The Love Goddess’ Cooking School is a sweet, heart-warming book about family and romance (and food!)

Holly has just been dumped by what she thought was the love of her life. But, really, she knew she was kidding herself. So she retreats to her grandmother Camilla’s house on Blue Crab Island, off the coast of Maine. She has always spent vacations and summers with her grandmother, a place her mother hated, and she feels comfortable coming back to heal.

Unfortunately, after spending two weeks with her grandmother, Camilla dies. Holly inherits her home which includes Camilla’s Cucinotta (a little store that sells homemade pasta and sauces), and The Love Goddess’ Cooking School.

So Holly loses herself in her cooking, trying to recreate the special recipes that her grandmother was famous for, and trying to do it well enough to also teach others. In the process of conducting her first class, she meets some great people who will become her friends, and also meets Mia, a 12-year-old who wants to be Holly’s assistant so Mia can learn to cook and then her father won’t need to marry that awful, phony girlfriend.

Senate writes beautiful descriptions of the recipes and the cooking methods. I love to cook, so I soaked it up and it made me want to cook something, as well as eat it! There are a few recipes included at the end of the book, too.

This book is the kind of romance I love. It is simple story-telling, with rich characters and settings. The plot isn’t altogether unpredictable, but the journey to the end is delightful.
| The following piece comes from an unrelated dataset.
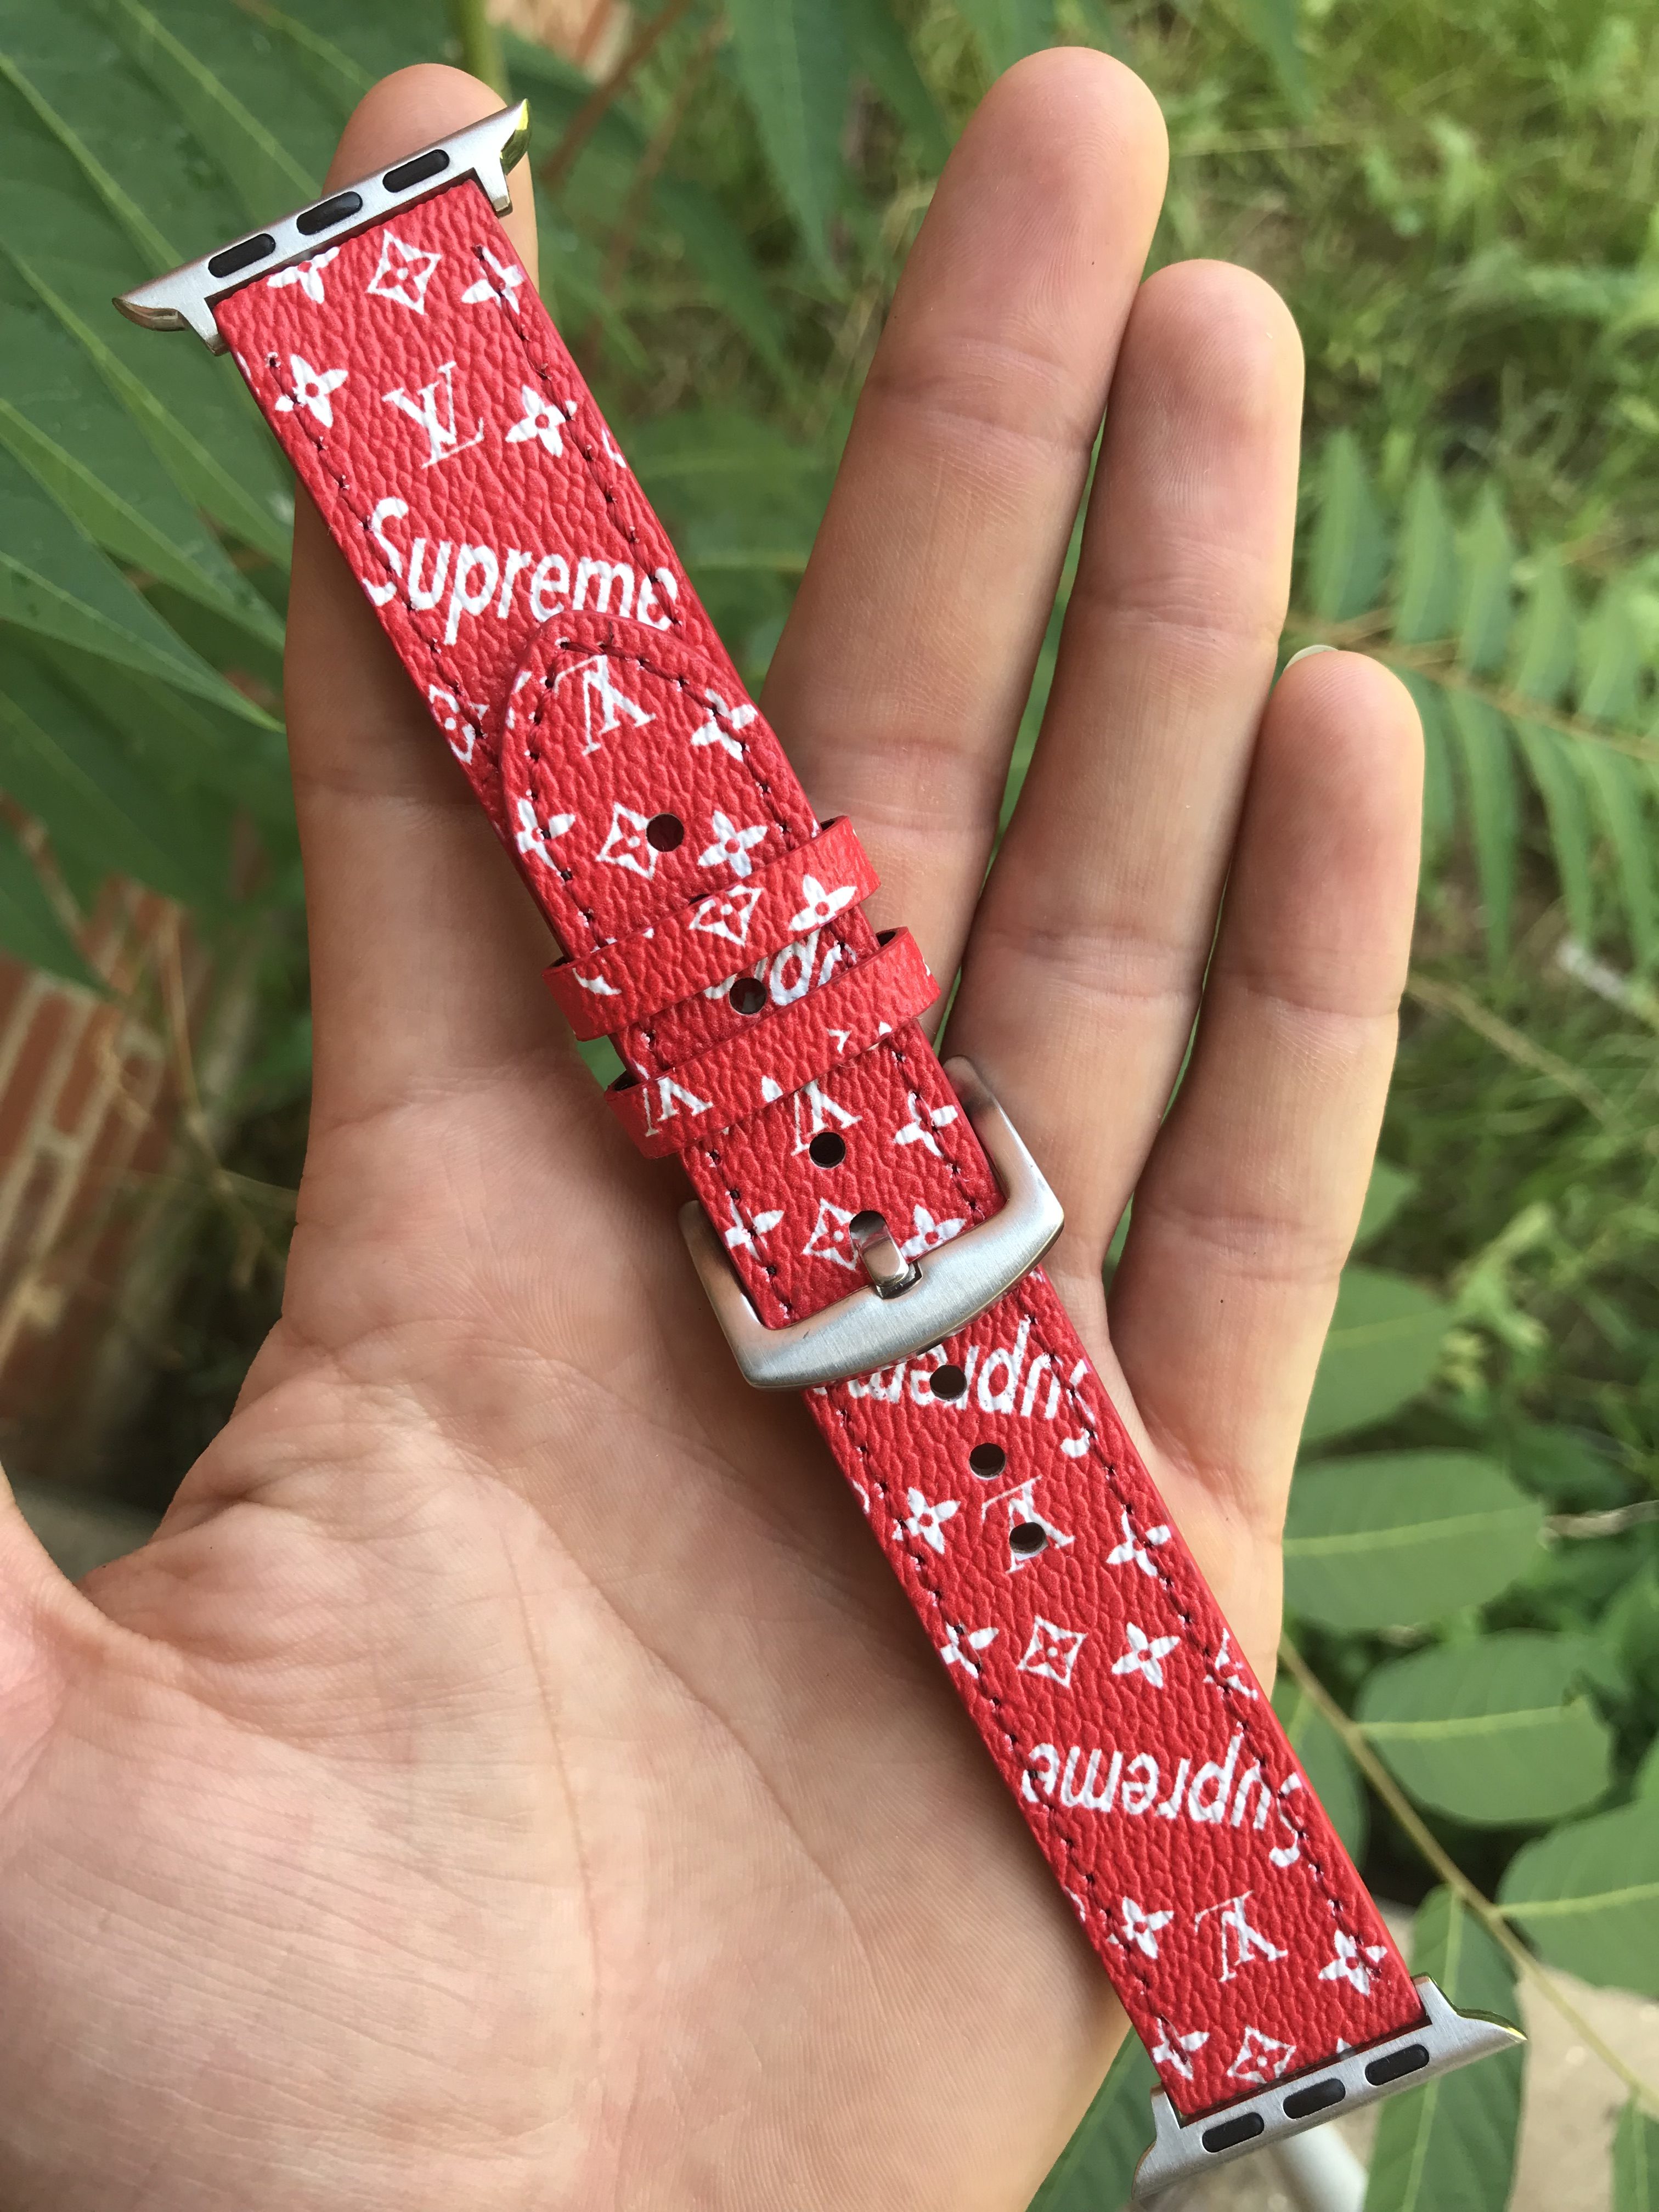 Louis Vuitton x Supreme Apple Watch band handmade for Sale in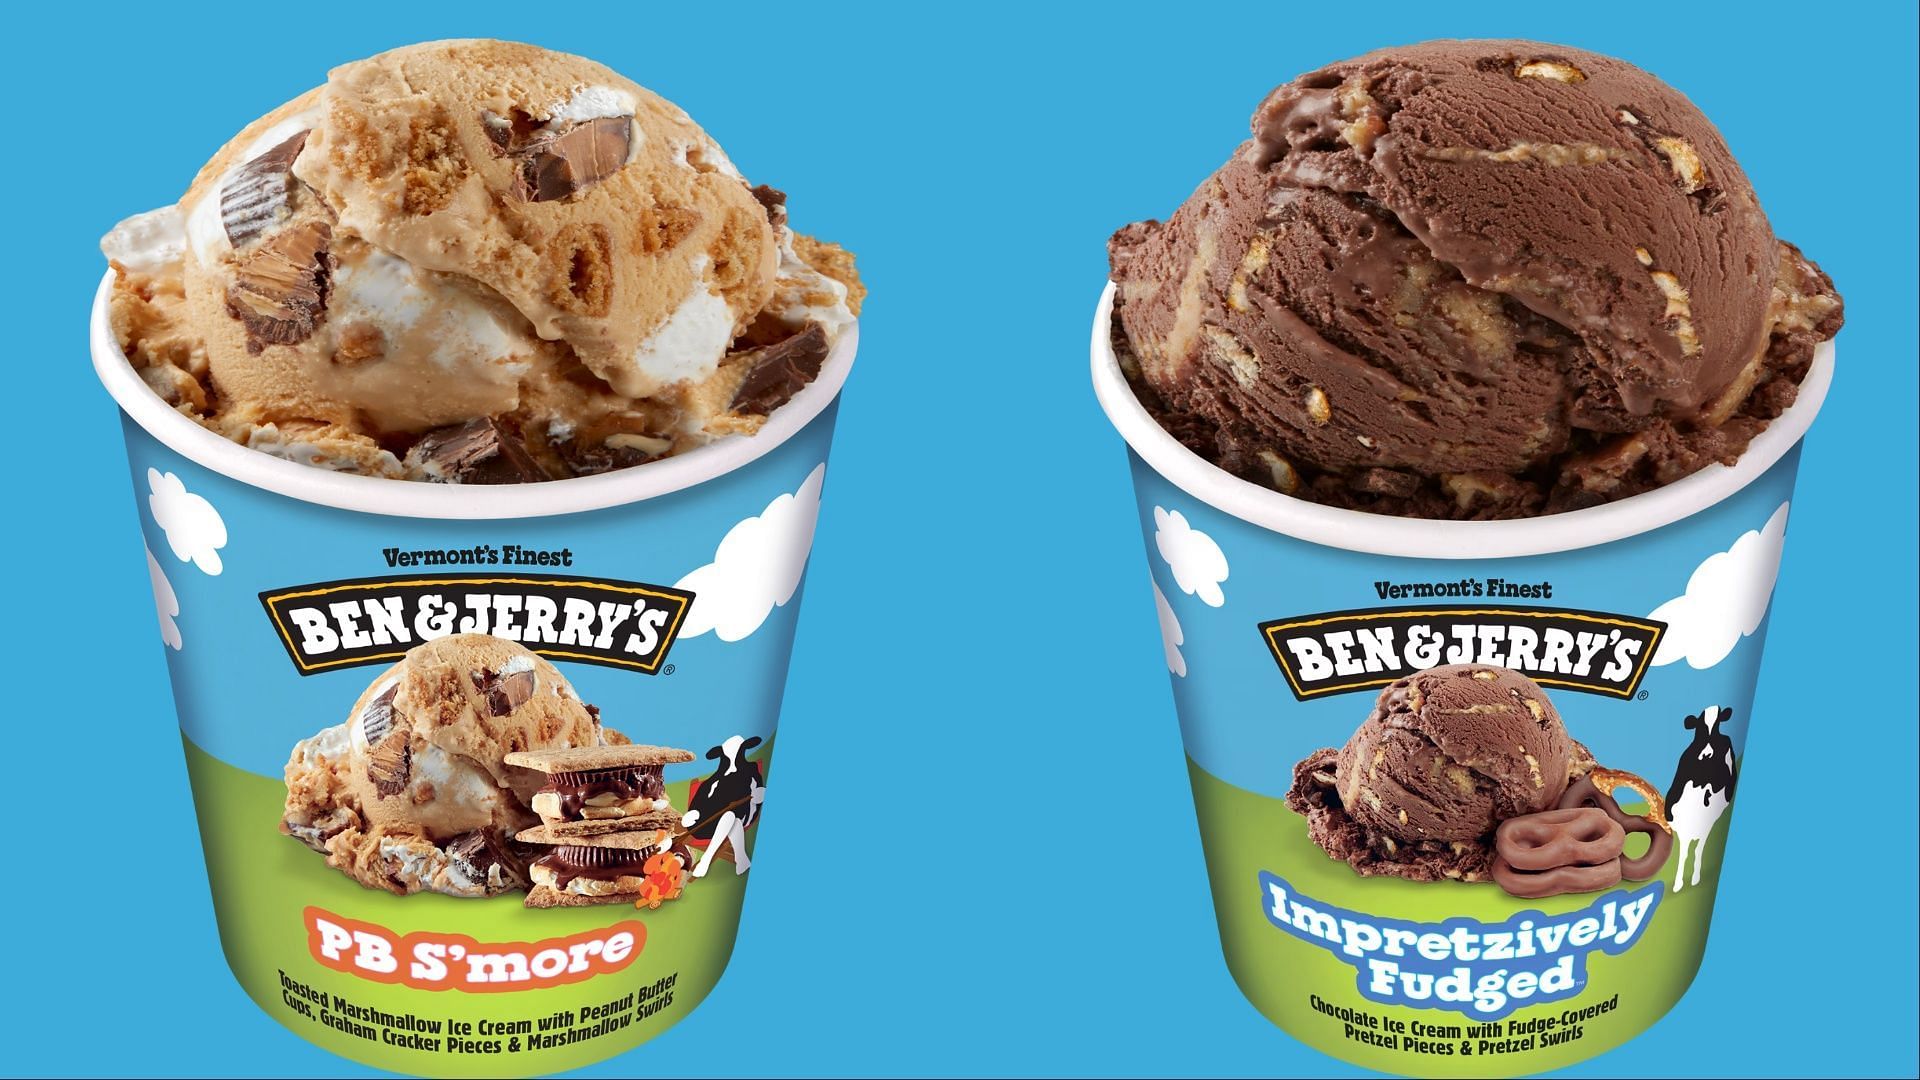 The Impretzively Fudged and PB S&rsquo;more flavors are available in stores and scoop shops starting January 24 (Image via Ben &amp; Jerry&rsquo;s)

I like that the romance ups and downs aren’t based on the usual lies and misunderstandings. I hate when you are reading about a couple and you just want to yell, “would you just be honest and TALK to each other?” This book, thankfully, was NOT like that. There was honesty, and hurt, and happiness. And it was all nicely tied up at the end.

I want to visit Blue Crab Island, but it doesn’t exist. I think I will plan a trip to Maine, and if not, I’ll be sure to read Melissa Senate’s other books set in Maine. I would suggest this book to adults mostly. There may be a few older, mature teens that would enjoy it too.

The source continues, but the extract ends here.